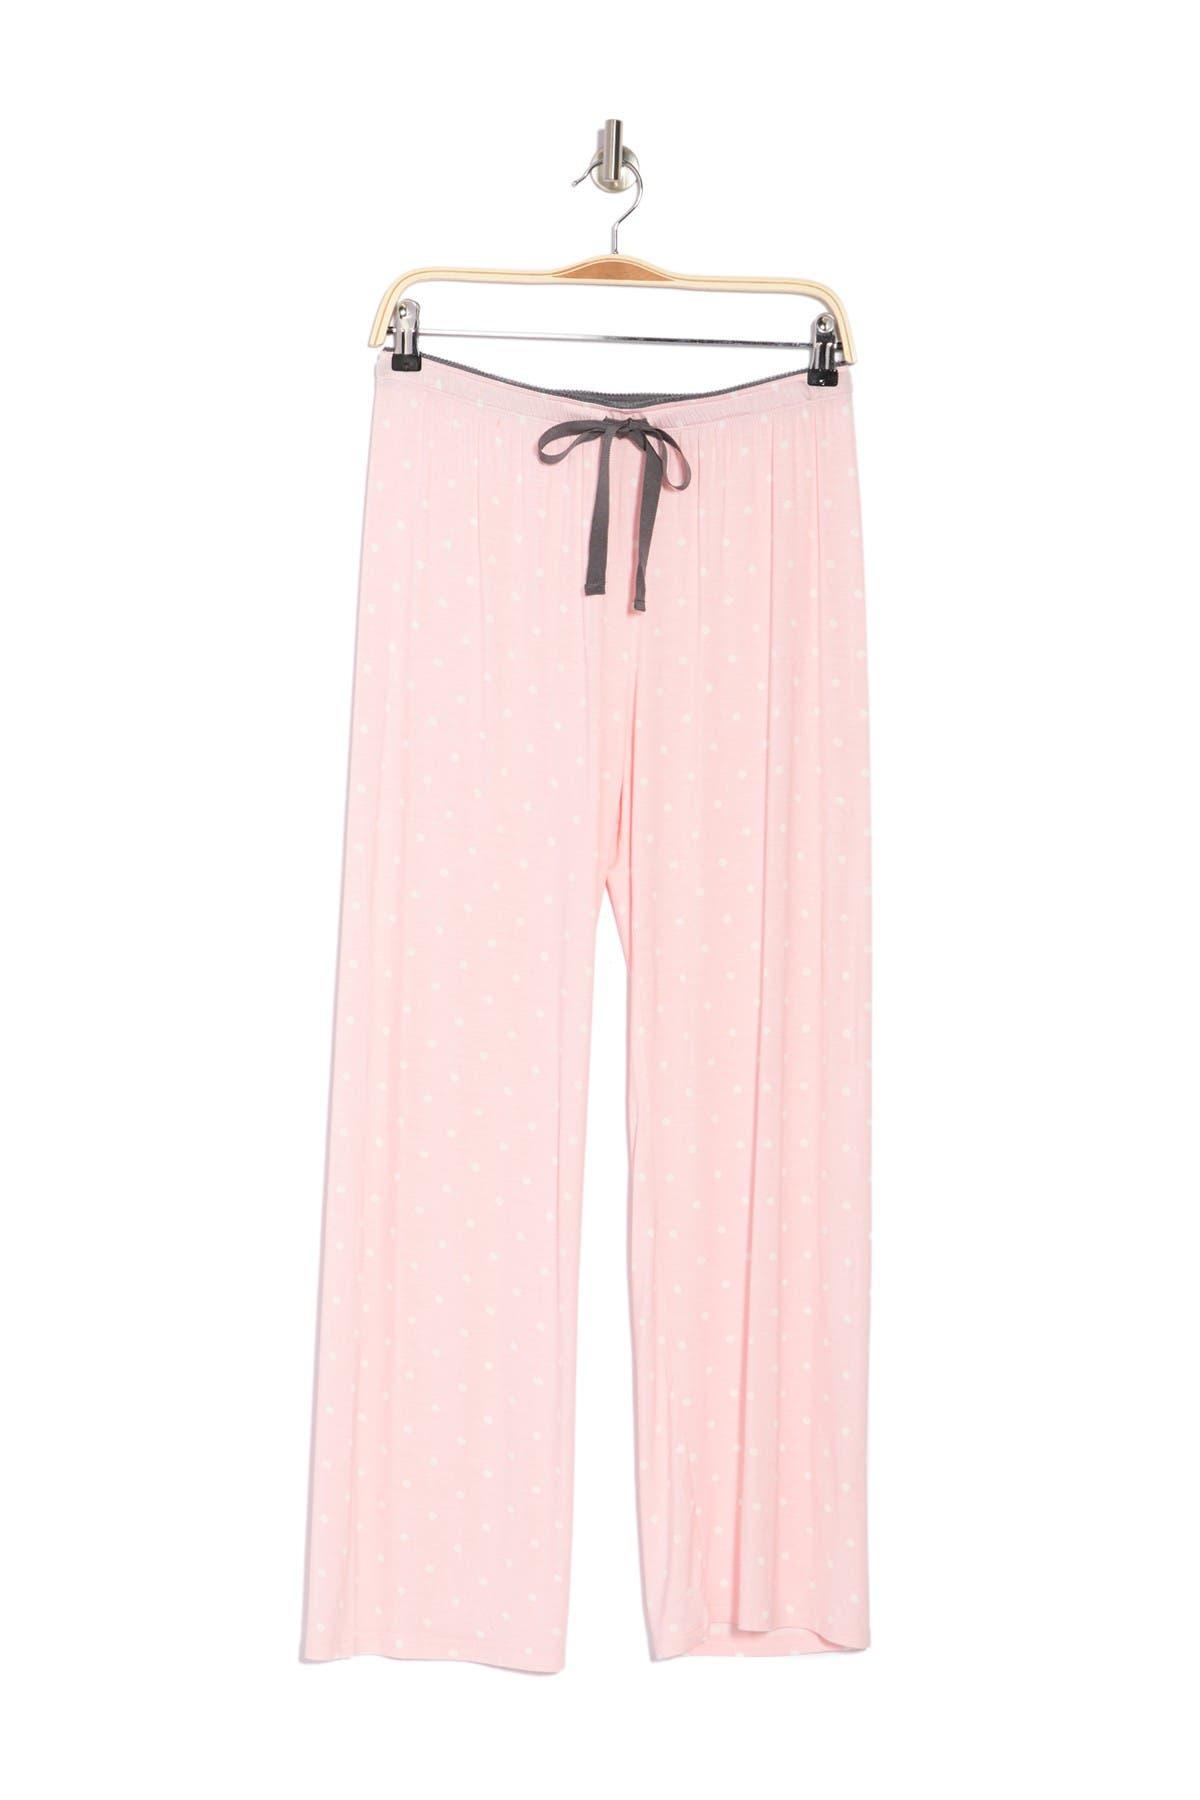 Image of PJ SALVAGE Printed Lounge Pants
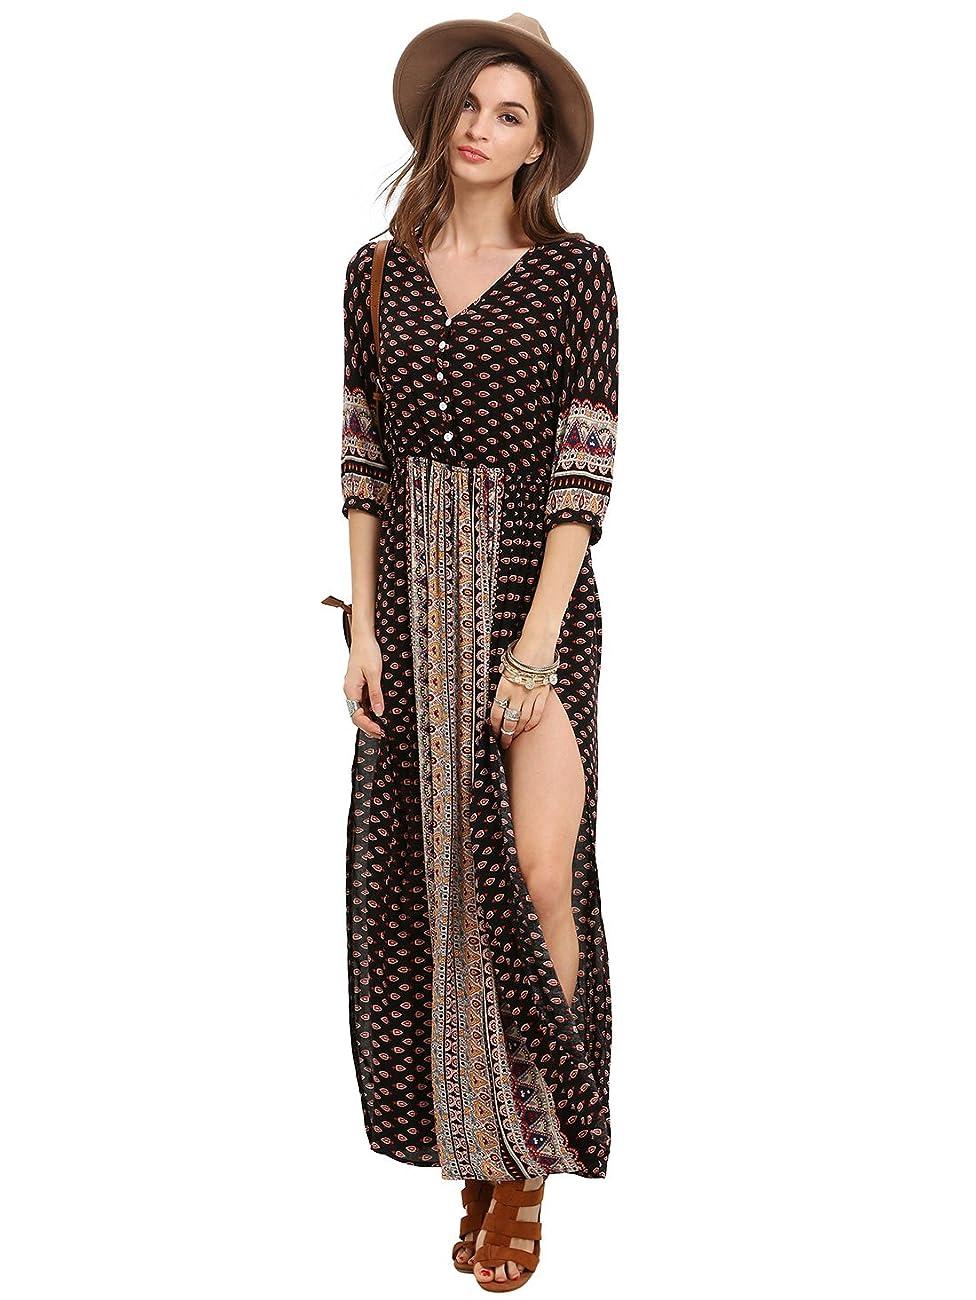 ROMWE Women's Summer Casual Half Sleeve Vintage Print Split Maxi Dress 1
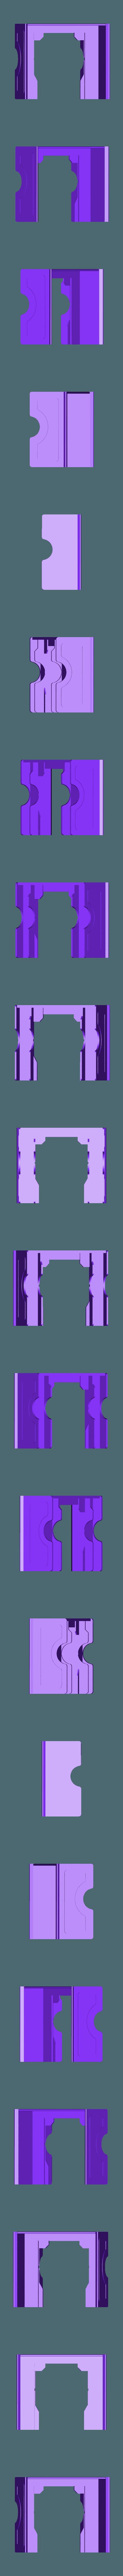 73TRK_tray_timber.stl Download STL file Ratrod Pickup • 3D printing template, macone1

==========

What this task involves: Emit an exact copy of the lines from the line bearing "ROMWE Women's Summer" through the last line above, inclusive, and leave the images out.

Solution for this exercise:
 ROMWE Women's Summer Casual Half Sleeve Vintage Print Split Maxi Dress 1
 73TRK_tray_timber.stl Download STL file Ratrod Pickup • 3D printing template, macone1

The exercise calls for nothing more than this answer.